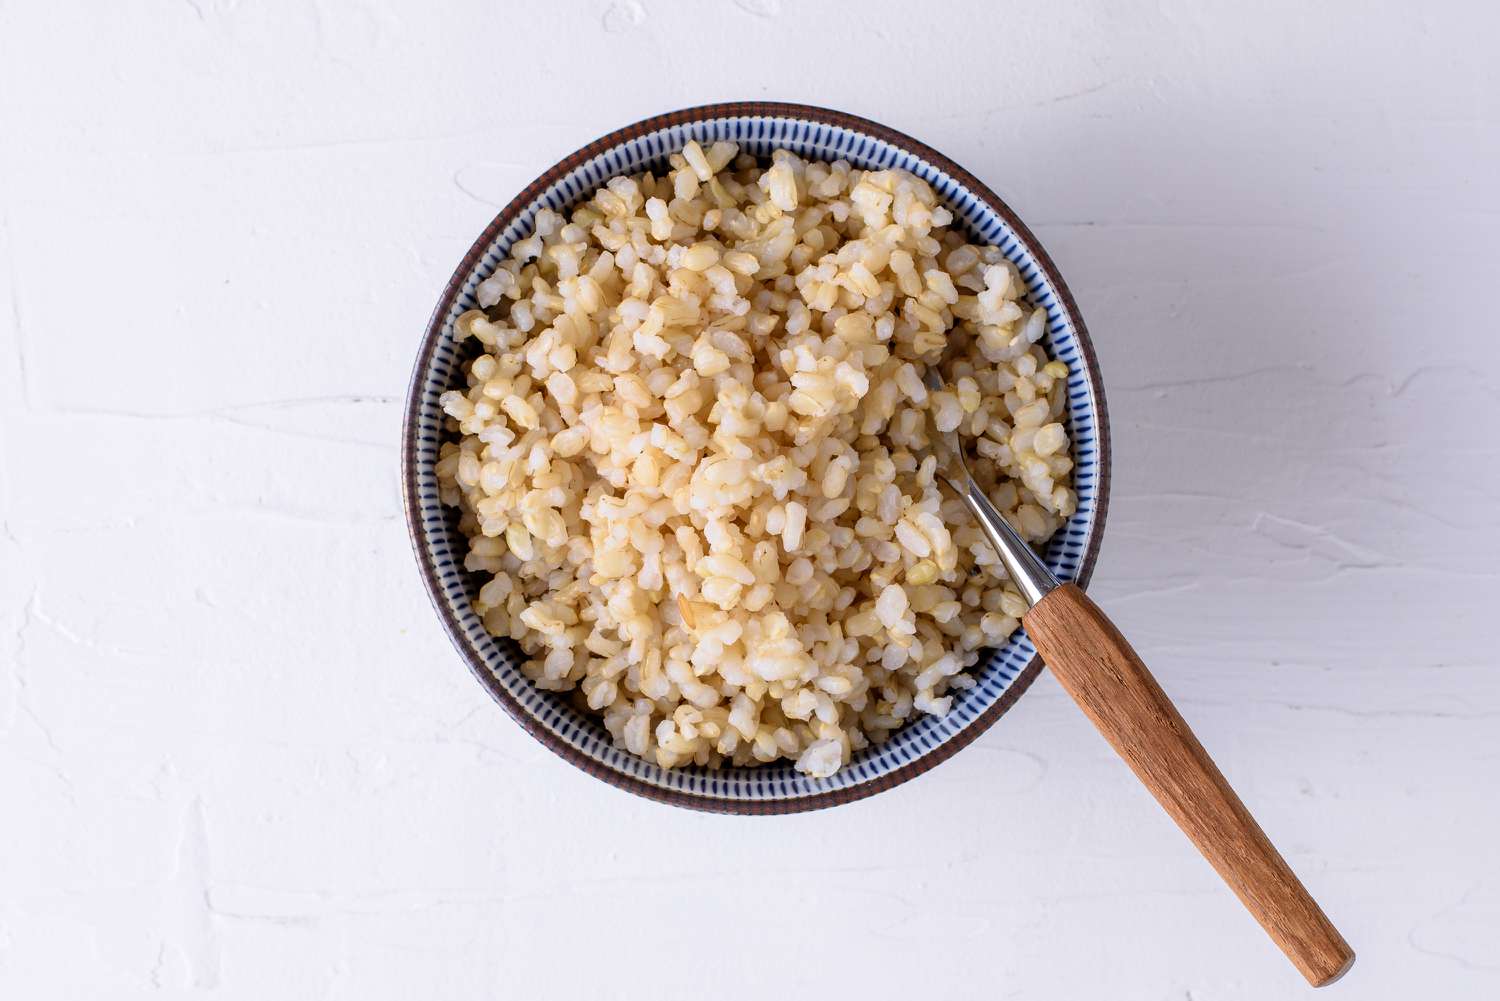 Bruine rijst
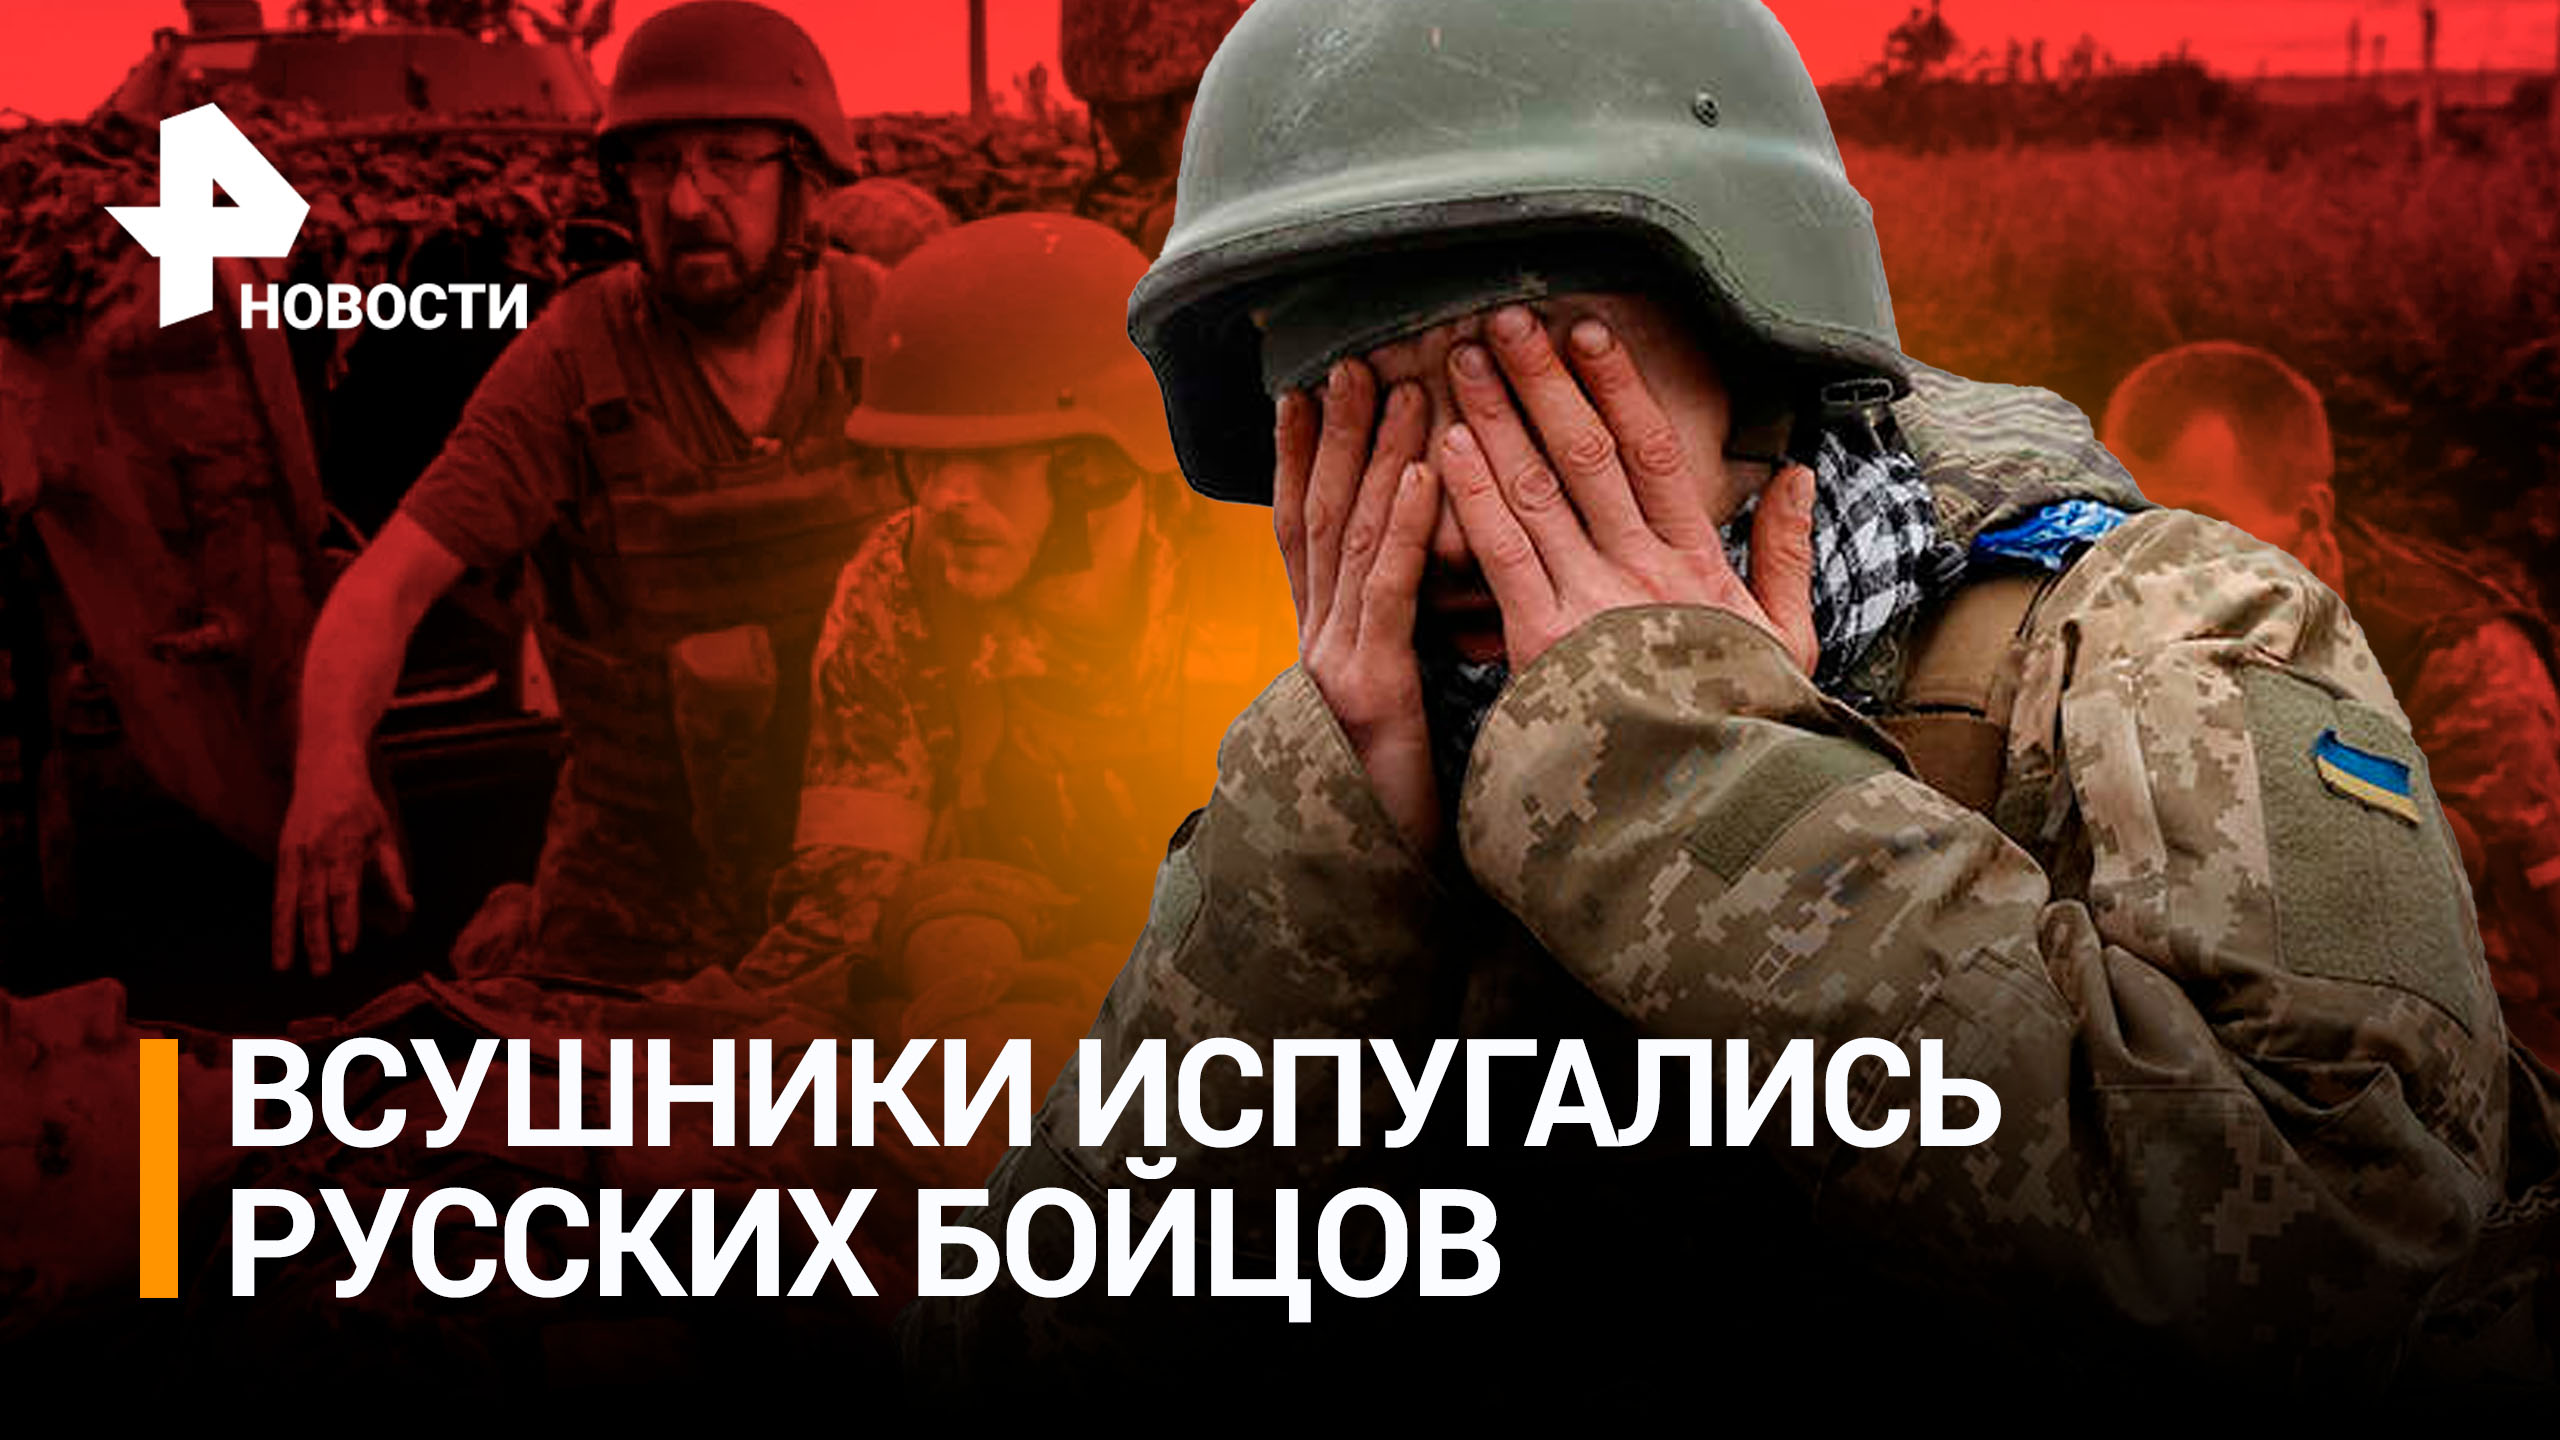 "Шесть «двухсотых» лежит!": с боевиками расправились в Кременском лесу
____________
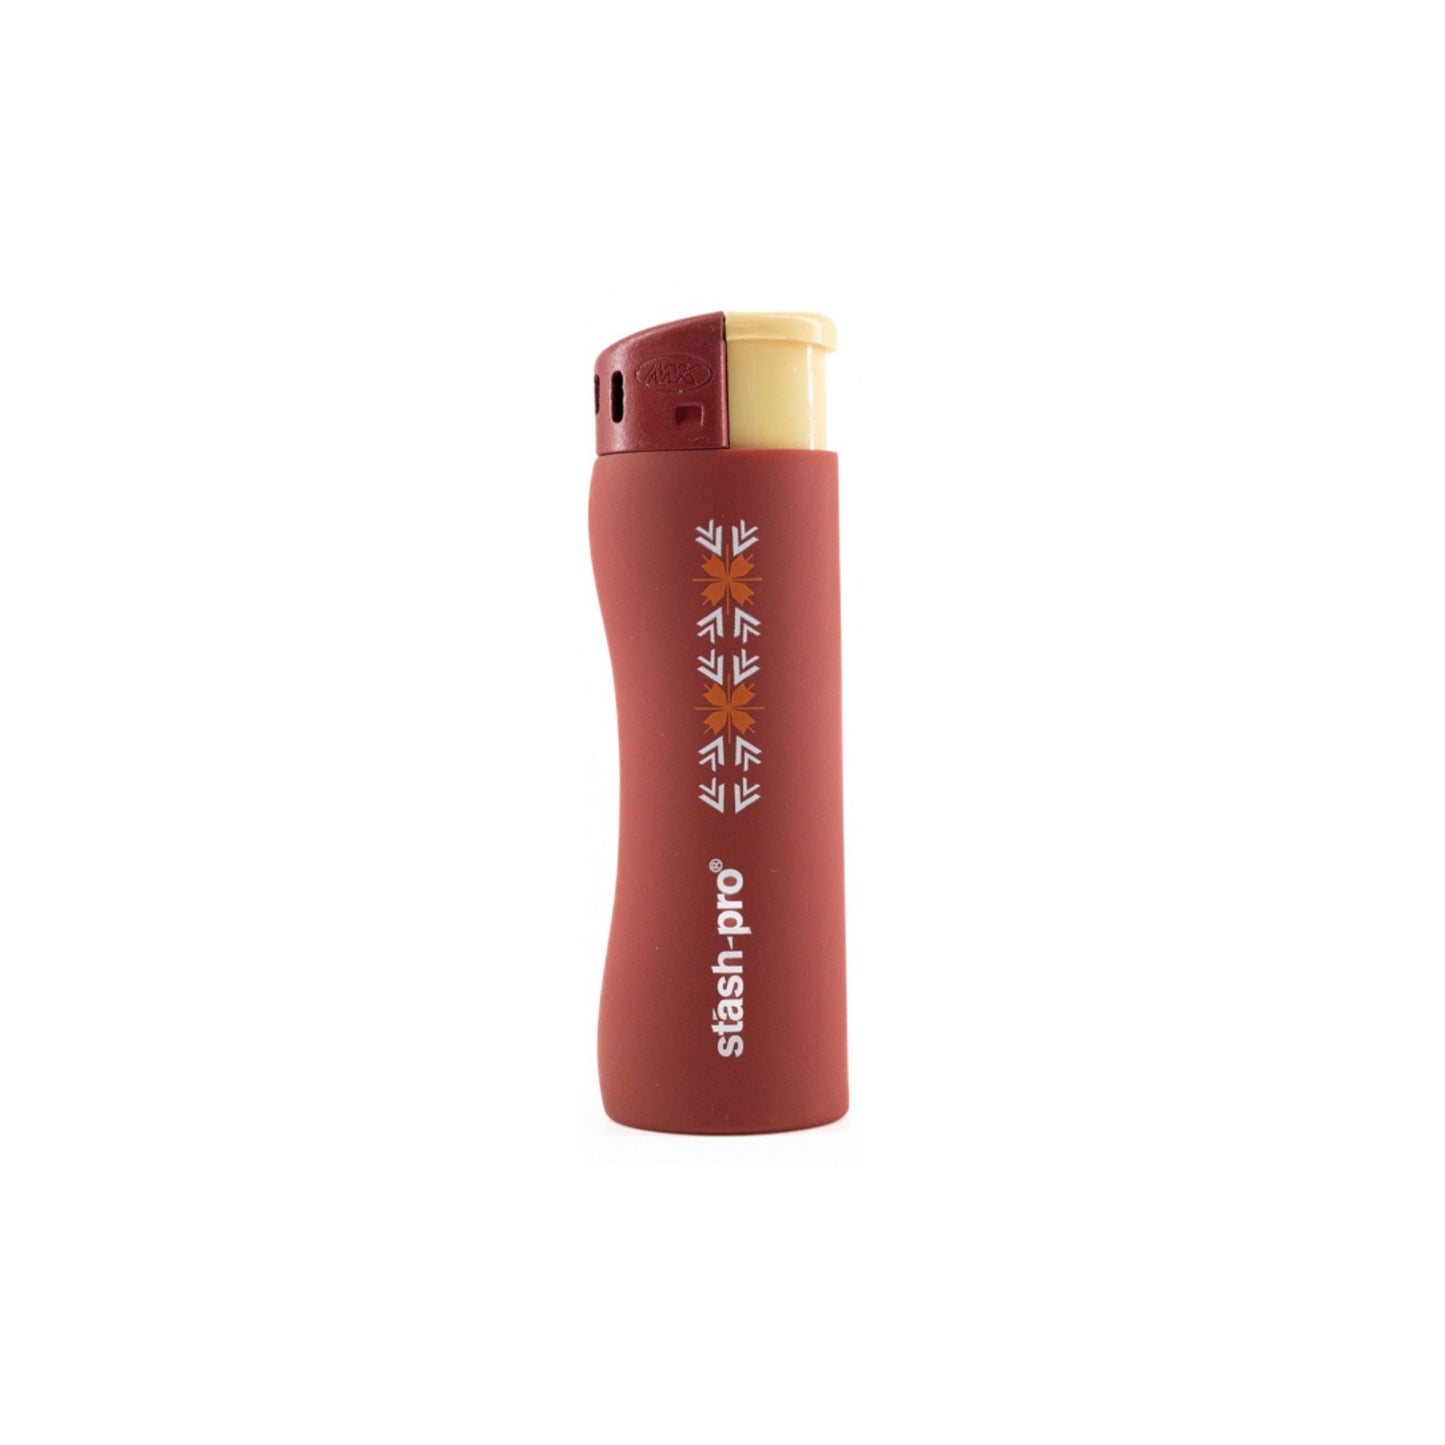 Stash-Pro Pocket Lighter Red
____________
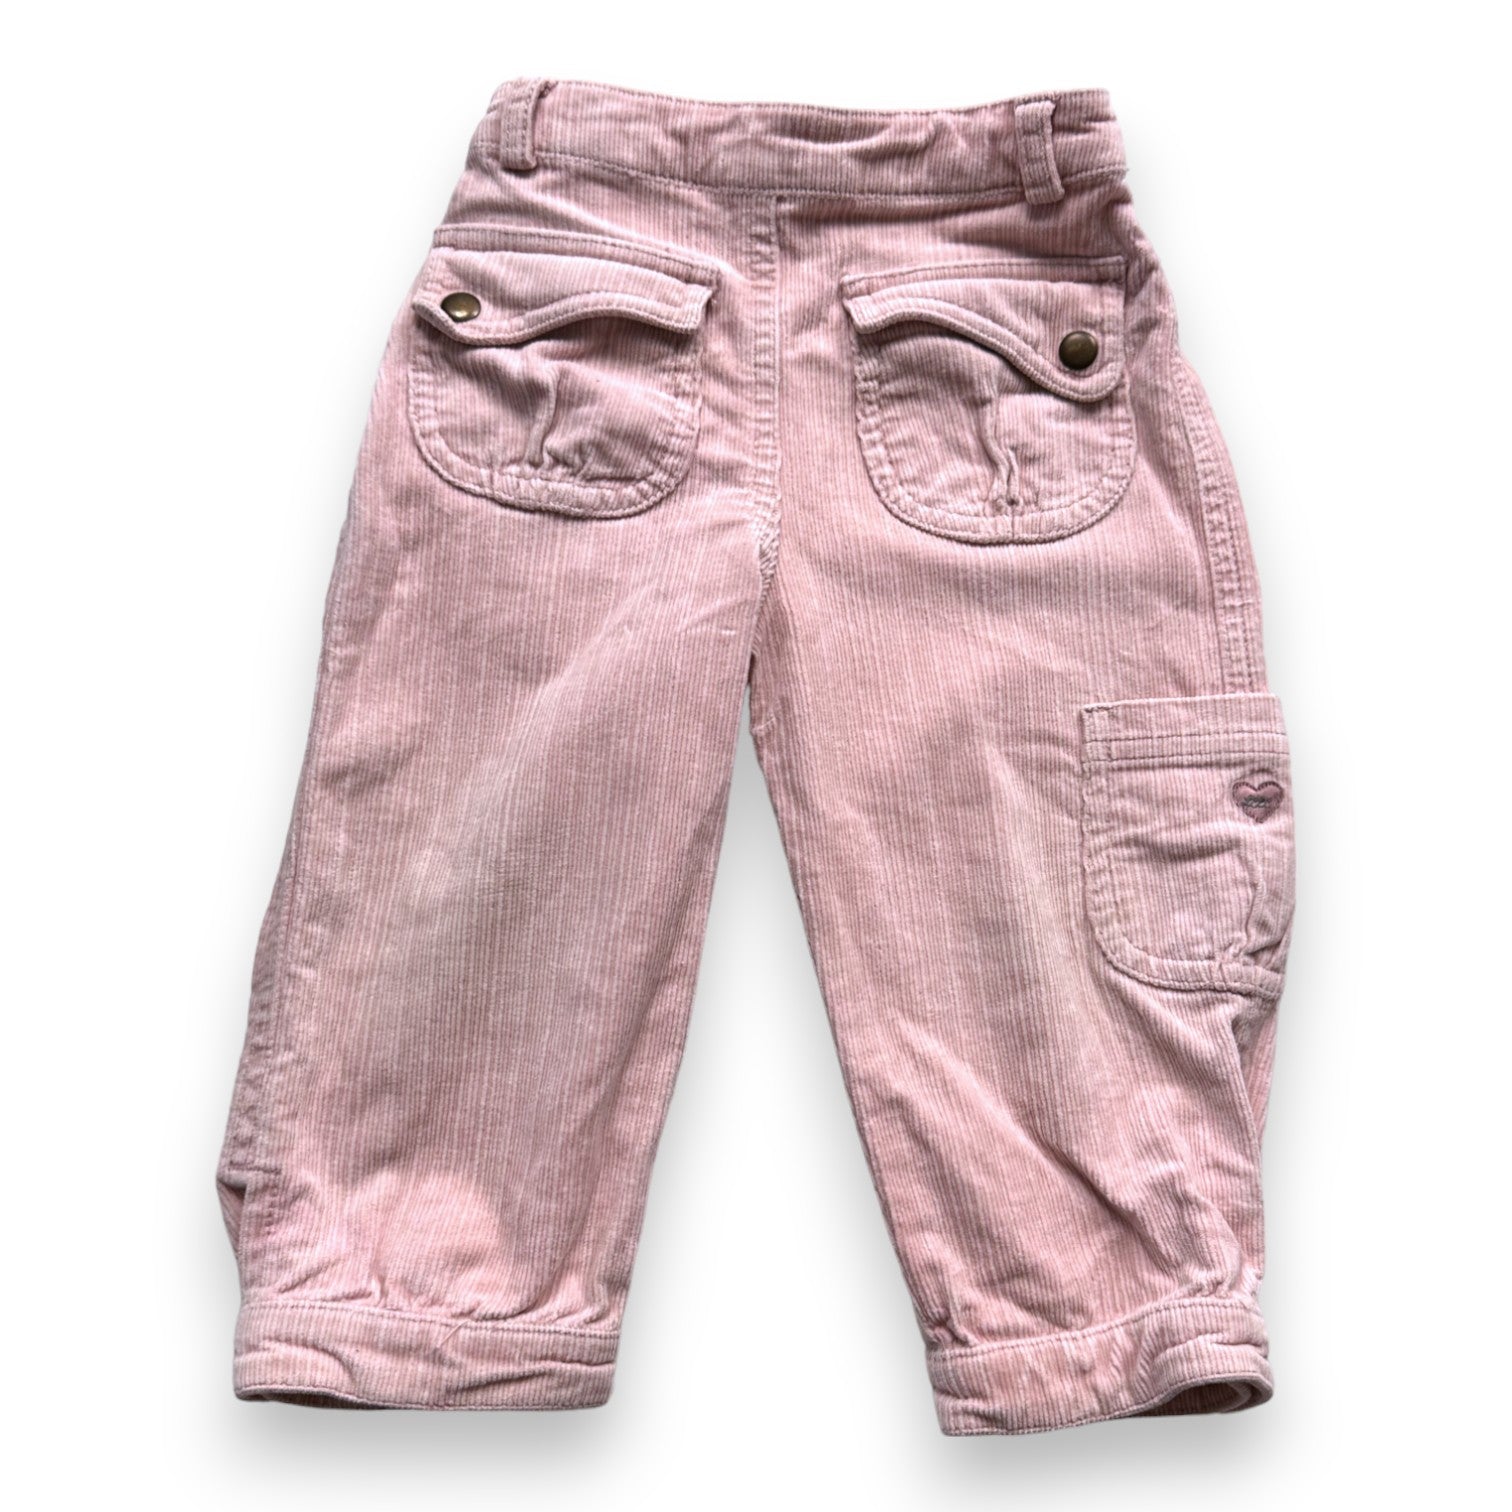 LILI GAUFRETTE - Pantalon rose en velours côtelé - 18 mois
____________
### Task directions
Set the pictures aside and transcribe exactly the stretch of lines above, beginning with the one holding "Bruine rijst" and ending with the one holding "в Кременском лесу".

### Solution to the problem
 Bruine rijst
 "Шесть «двухсотых» лежит!": с боевиками расправились в Кременском лесу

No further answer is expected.